Almost fifty years of residence among the white and black races, spread in nearly equal proportions through South Carolina and Alabama, and twenty-five years' incessant professional intercourse with both, have satisfied me of the absolute truth of the preceding deductions. My observations, however, during the last few years, in Mobile and at New Orleans, where the population differs essentially from that of the Northern Atlantic States, have induced some modification of my former opinions; although still holding to their accuracy so far as they apply to the intermixture of the strictly white race (i. e. the Anglo-Saxon, or Teuton,) with the true Negro. I stated in an article. printed in "De Bow's Commercial Review," that I had latterly seen reason to credit the existence of certain "affinities and repulsions among various races of men, which caused their blood to mingle more or less perfectly; and that, in Mobile, New Orleans and Pensacola, I had witnessed many examples of great longevity among

mulattoes; and sundry instances where their intermarriages (contrary to my antecedent experiences in South Carolina) were attended with manifest prolificacy. Seeking for the reason of this positive, and, at first thought, unaccountable difference between mulattoes of the Atlantic and those of the Gulf States, observation led me to a rationale; viz., that it arose from the diversity of type in the "Caucasian" races of the two sections. In the Atlantic States the population is Teutonic and Celtic: whereas, in our Gulf cities, there exists a preponderance of the blood of French, Italian, Spanish, Portuguese, and other dark-skinned races. The reason is simple to the historian. Our States along the Gulf of Mexico were chiefly colonized by emigrants from Southern Europe. Such European colonists belonged to types genealogically distinct from those white-skinned "Pilgrim Fathers" who landed north of Florida. Thus Spain, when her traditions begin, was populated principally by Iberians. France received a considerable infusion of the same blood, now almost pure in her Basque provinces. Italy's origins are questions in dispute; but the Italians are a dark-skinned race. Such races, blended in America with the imported Negro, generally give birth to a hardier, and, therefore, more prolific stock than white races, such as Anglo-Saxons, produce by intercourse with Negresses. Herein, it occurred to me, might be found a key to solve the enigma. To comprehend the present, we must understand the past; because, in ethnology, there is no truer saying than, "Coelum, non animam, mutant qui trans mare currunt." This sketch indicates my conceptions. I proceed to their development.

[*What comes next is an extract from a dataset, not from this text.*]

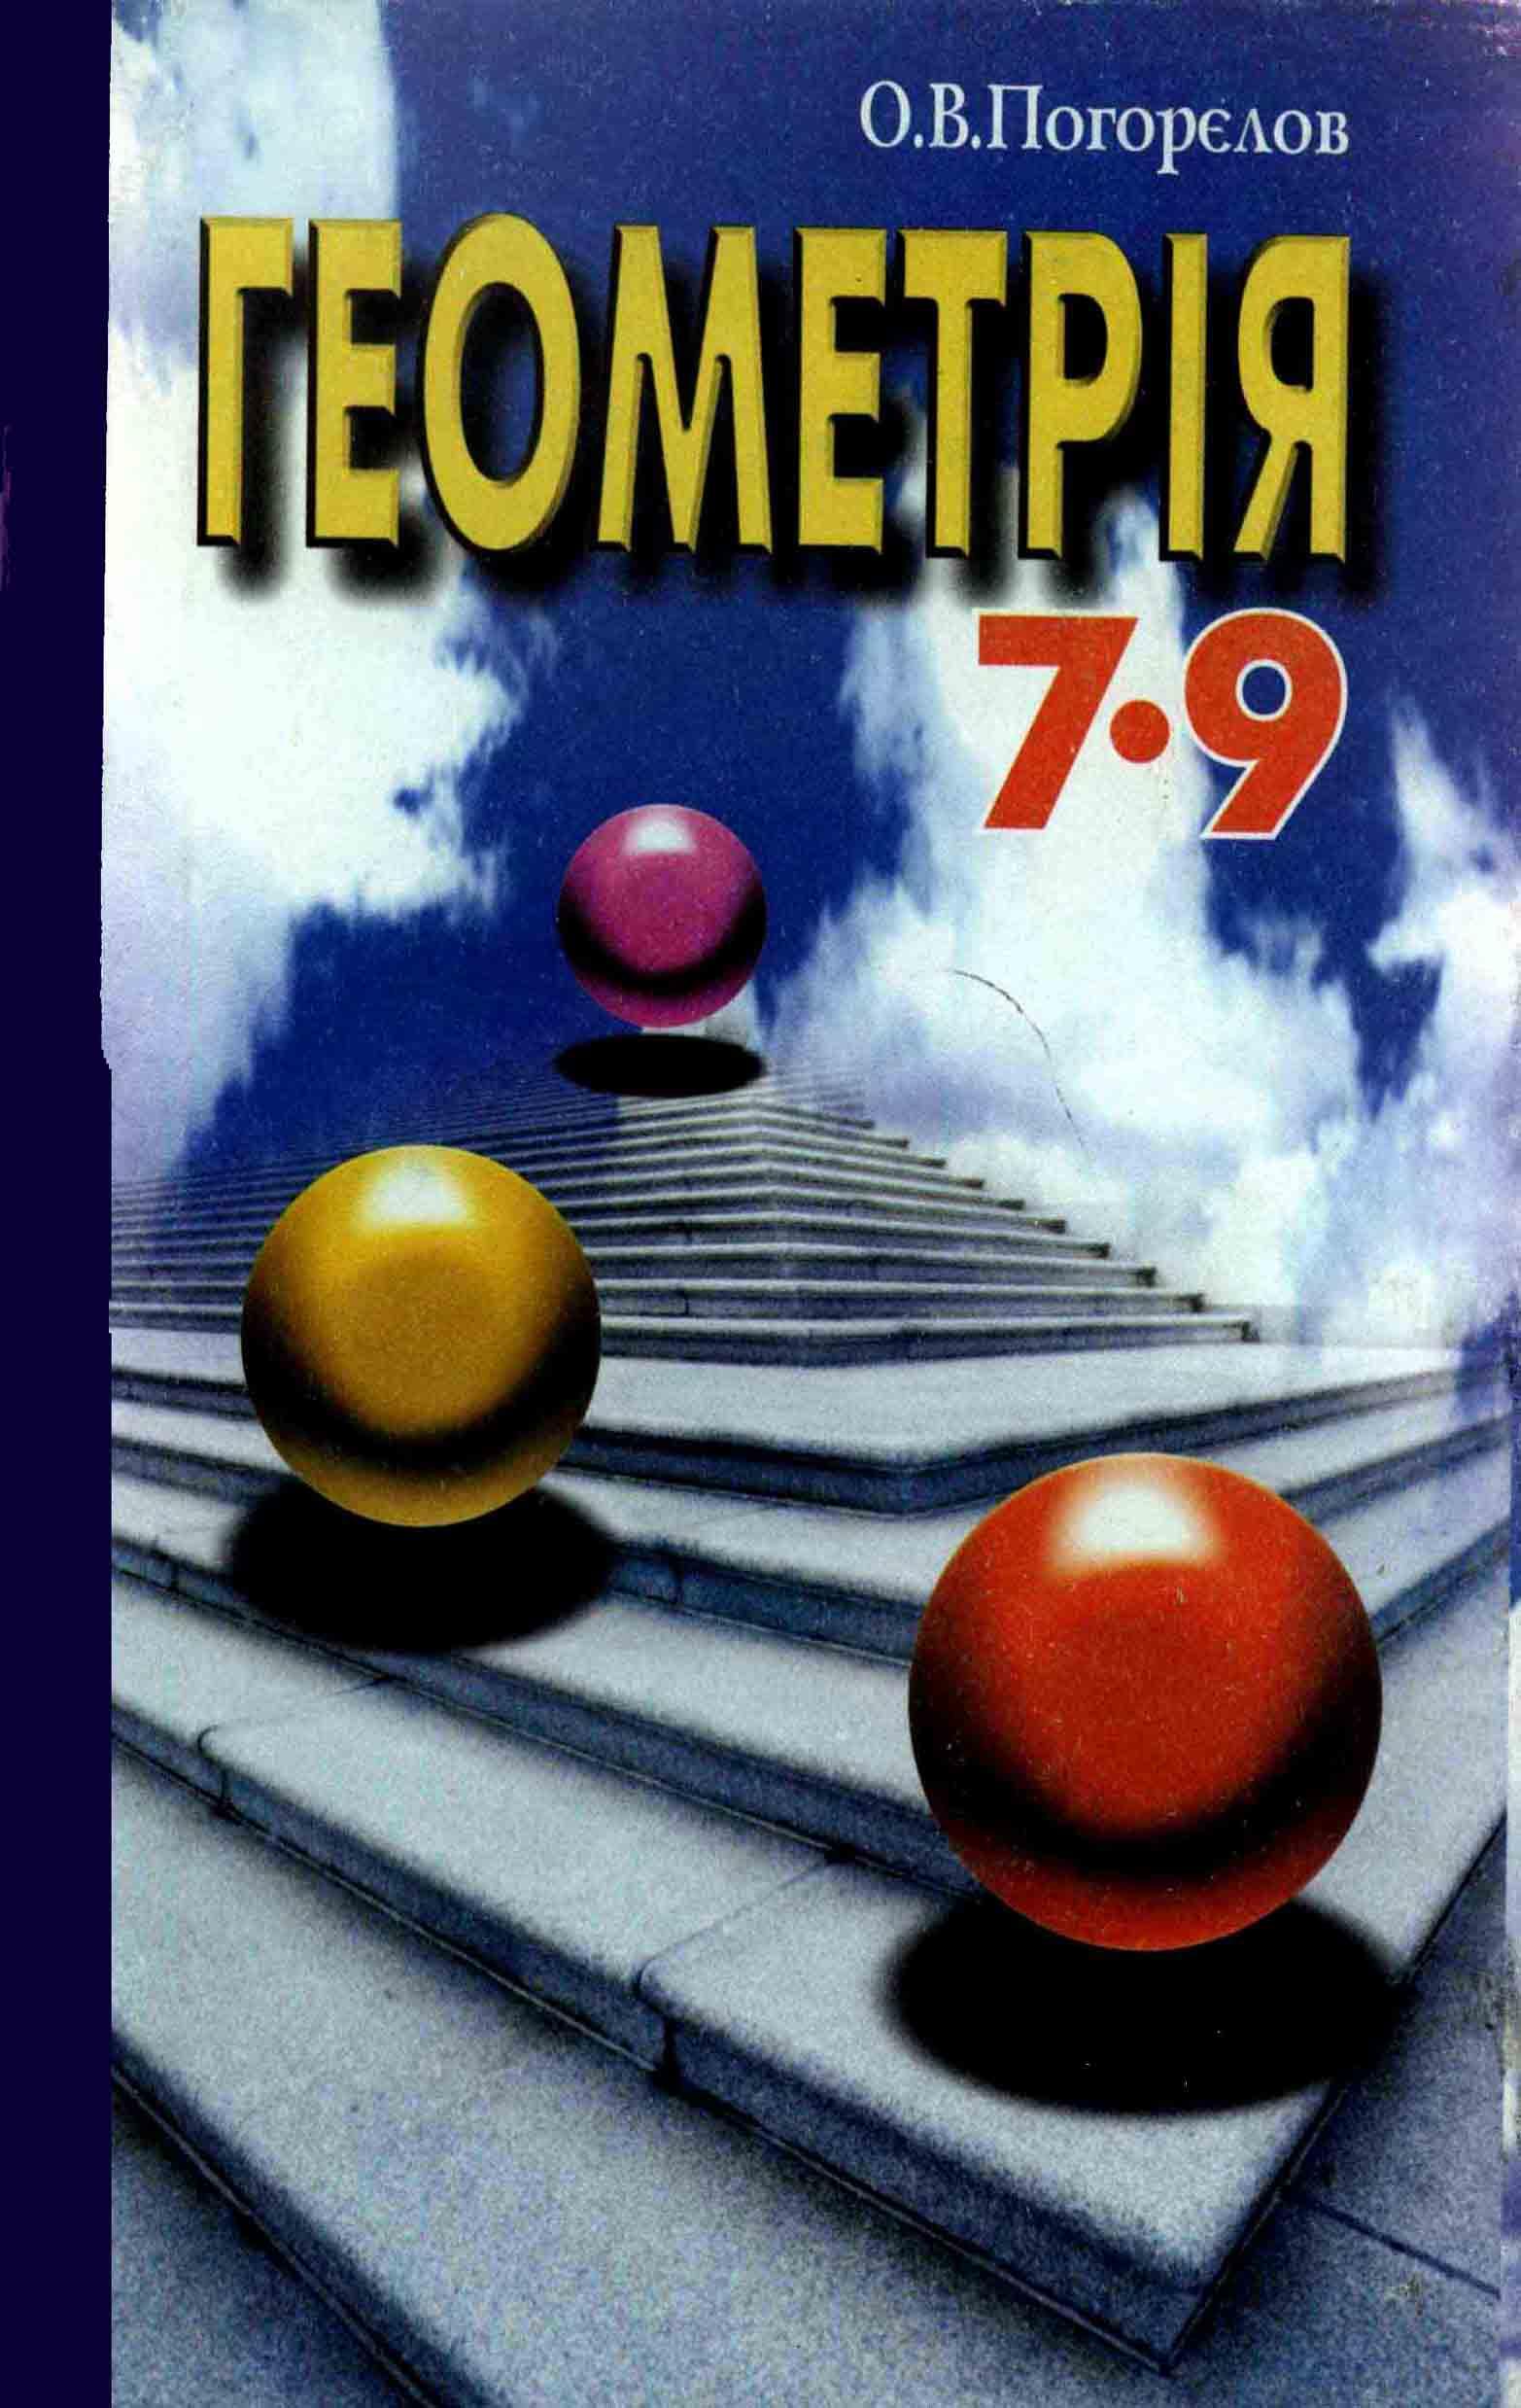 Геометрия 8 класс погорелов решебник

Bodichon, in his curious work on Algeria, maintains that this Iberian, or Basque population, although, of course, not Negro, is really an African, and probably a Berber, family, which migrated across the Straits of Gibraltar some 2000 years before the Christian era; and we might, therefore, regard them as what Dr. Morton calls a proxi

mate race.

The Basques are a dark-skinned, black-eyed, black-haired people, such as are often encountered in Southern Europe; and M. Bodichon, himself a Frenchman, and attached as Surgeon to the French army during fifteen years in Algeria, holds, that not only is the physical resemblance between the Berbers and Basques most striking, but that they assimilate in moral traits quite as much; moreover, that their intonations of voice are so similar that one's ear cannot appreciate any difference. Singularly enough, too, the Basque tongue, while radically distinct from all European and Asiatic languages, is said to present certain affinities with the Berber dialects. The latter opinion, however, requires confirmation.